The recent Special Forces strike in Somalia illustrates once and again the foolhardiness of those who want us out of Iraq. While Ted Kennedy spouts his usual rhetoric in the National Press Club, drawing fatuous comparisons between Vietnam and Iraq, between the Viet Cong and the motley crew we face in Iraq, our enemy is being chased in the deserts of Somalia just as it is in Iraq, Afghanistan, and elsewhere.
As we hunt down the killers who attacked our embassies in Tanzania and Kenya long before there ever was an Iraq war, even long before September 11 finally awakened us to the shape of the new world we live in, we have to remind ourselves again and again that our enemies in the war on terrorism were not created by our action in Iraq, nor will they disappear after we leave that country to its own devices.
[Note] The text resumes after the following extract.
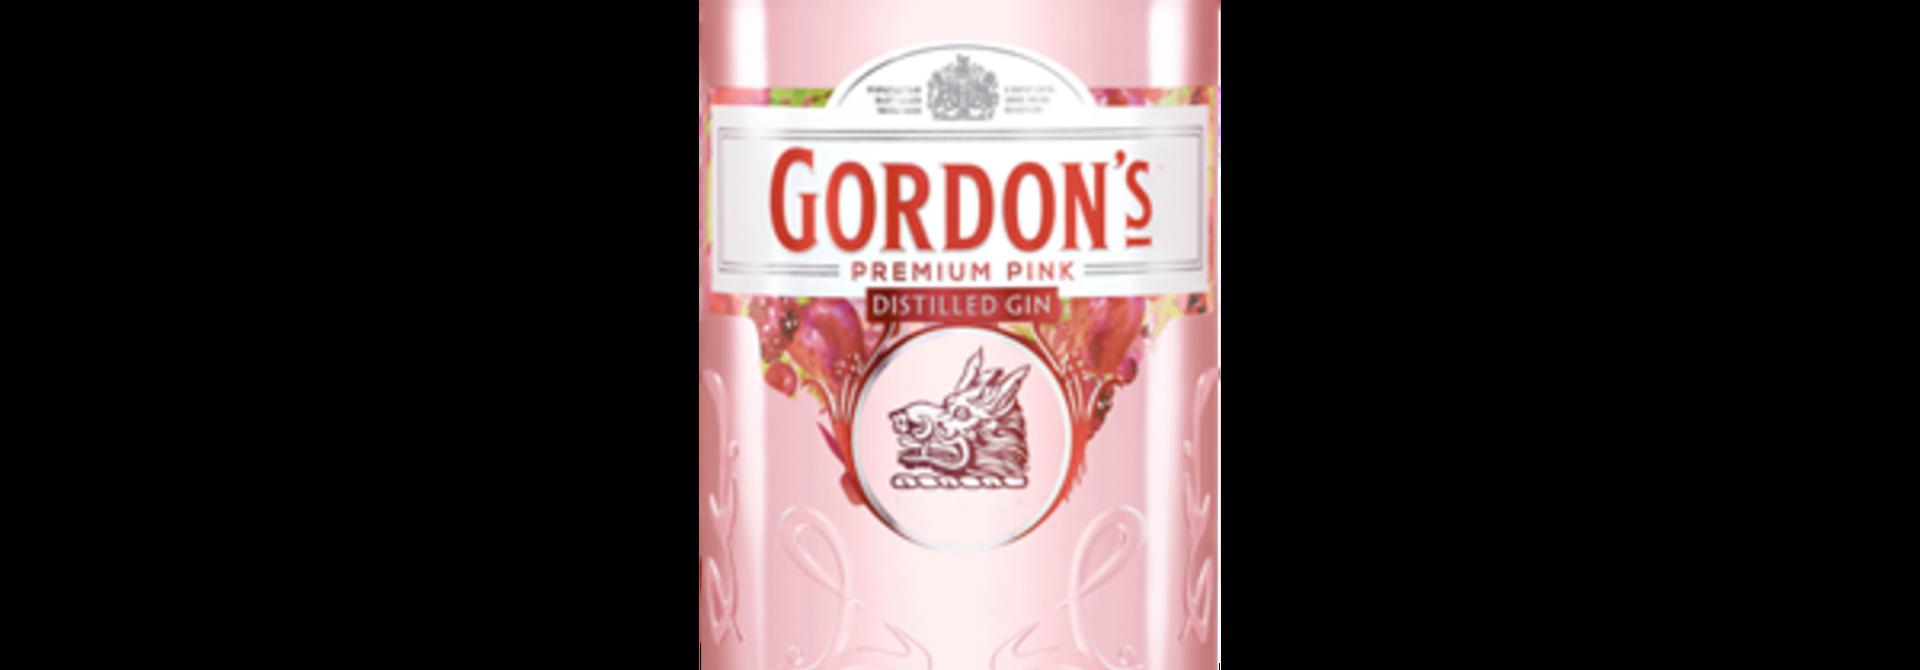 GORDON Pink gin 0.7ltr

This is indeed a nonlinear war in more ways than one. As their original leadership, the Bin Laden-Zawahiri types, sit and contemplate events from the caves of the Afghani-Pakistan border, new Al-Qaeda leaderships sprout around the globe, wherever there are young, impressionable, Muslim men vulnerable to the persuasive tactics of ruthless, fanatic, and anti-Western mentors. With calculated opportunism, they choose their targets according to the vulnerabilities of the soft underbellies of Western societies, whether it is the public transportation systems in Europe or transatlantic airlines–or innocent civilians in Iraq or Afghanistan. The events in Somalia remind of us of certain lessons we should have learned by now.
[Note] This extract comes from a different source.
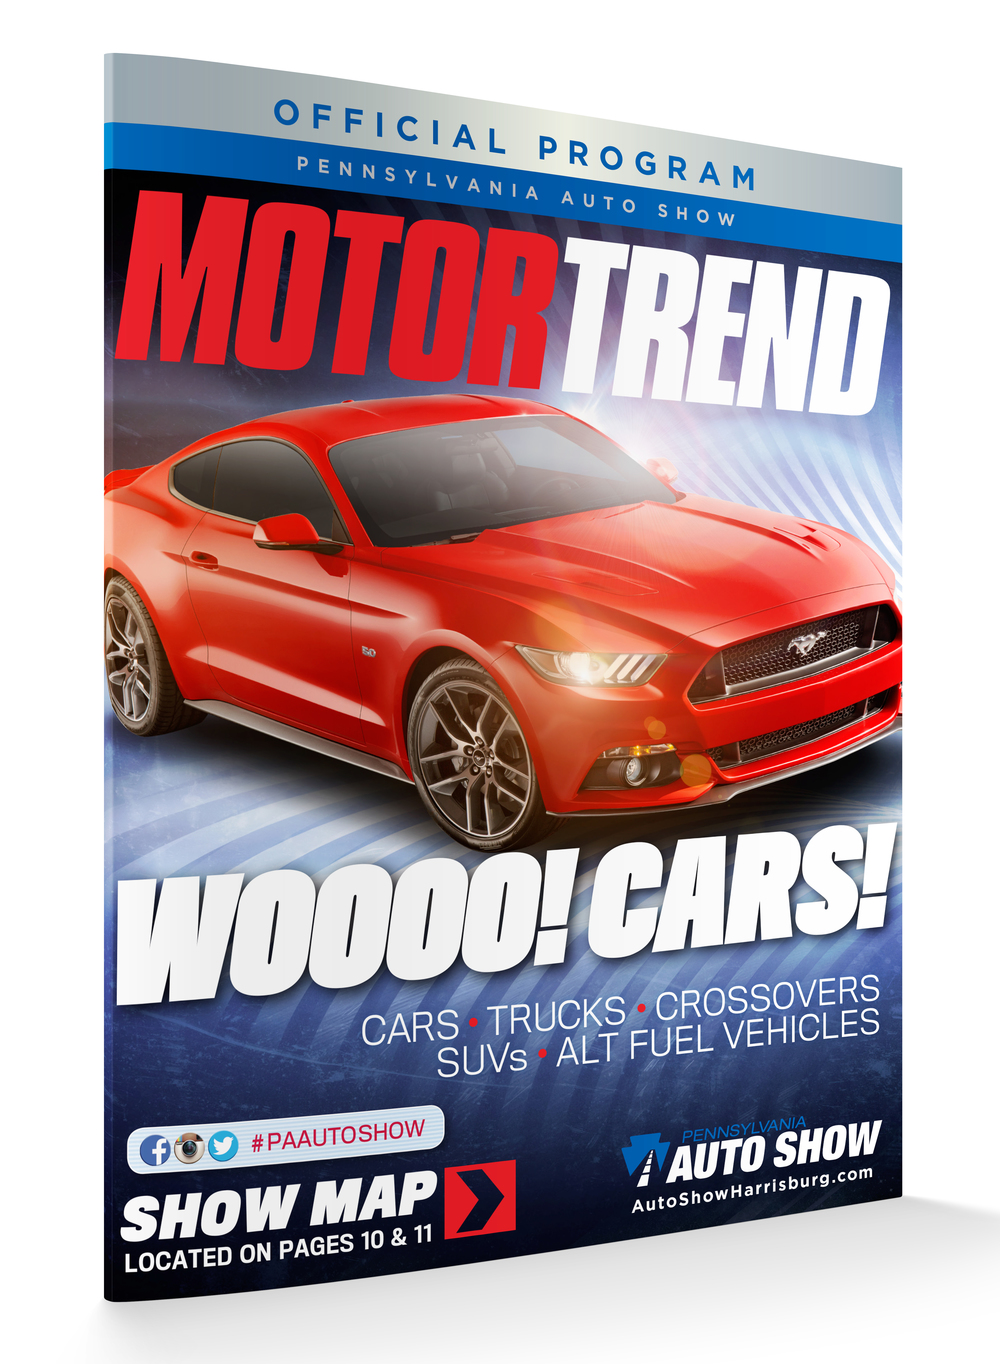 2015 Pennsylvania Auto Show Program Book Cover

Lesson 1. The enemy in Iraq, like that in Afghanistan, in Europe, in America, or the Philippines, is the same. It may not share the same structure or leadership, but its nature doesn’t vary much.
Lesson 2. Retreating in the face of that enemy is construed by it as weakness on our part–a weakness that was tested in 9/11, in London, in Madrid, and before, in Nairobi and Dar Essalam.
Lesson 3. Our enemy’s motivation is a hatred of modernism and a romantic, if perverted, notion of a return to a glorious past that exists only in their imagination. It has been a constant theme since the first manifestos of Al-Qaeda declared war on the “Crusaders, Jews, and Nonbelievers.” The ideology has been laid clearly since then 1990’s: Islam (an auto-invented version at least) must take over, and they, the leaders of Al-Qaeda, are the princes (emirs) and Islam’s advance guards. Even the fiction that is used by some that the Palestinian cause is their primary motivation and that if we settle the Israeli/Palestinian issue, all will be kosher, does not withstand real scrutiny. Al-Qaeda has never operated in Palestine or in Israel. Some might attribute that to the efficiency of Israeli security but that is not enough when you consider the numbers of potential recruits among Palestinians.
Lesson 4. Against such an enemy, globalized, young, and savvy in the ways of Western technology, relentless pressure must be brought upon that enemy: military, political, propagandistic, economic, educational, and moral.
Lesson 5. The symbiotic nature of the enemy in Iraq in particular is worth emphasizing. Until recently most of the suicide attacks and beheadings in Iraq were committed by Al-Qaeda operatives recruited the world over by efficient networks working in broad daylight. The overall strategy of the fight against the Americans and the incipient Iraqi democracy on the other hand is mostly the work of the Saddamist remnants. The two groups worked in tandem but separating them now may be possible depending on the degree of pressure that each group is able to withstand before crying uncle. Similarly in Somalia, Al-Qaeda groups have allied themselves tactically with the Islamic Courts and the militias but once Ethiopian and Western pressure was brought to bear on them, each side tried to hightail it separately to safety as fast as they could.
Somalia is not Iraq; Iraq is not Vietnam; Afghanistan is not Philippines. Each fight is different requiring different tactics and alliances. To be simplistic in drawing analogies between different times and different geographies and enemies does a disservice to the debate we should be having about Iraq. That debate should not be about how fast we can get out of there but, rather, about how best we can defeat our enemies there.
Exterminating Al-Qaeda and its networks wherever they exist is the only possible solution to win the war on terror, and that stands true for Iraq as well.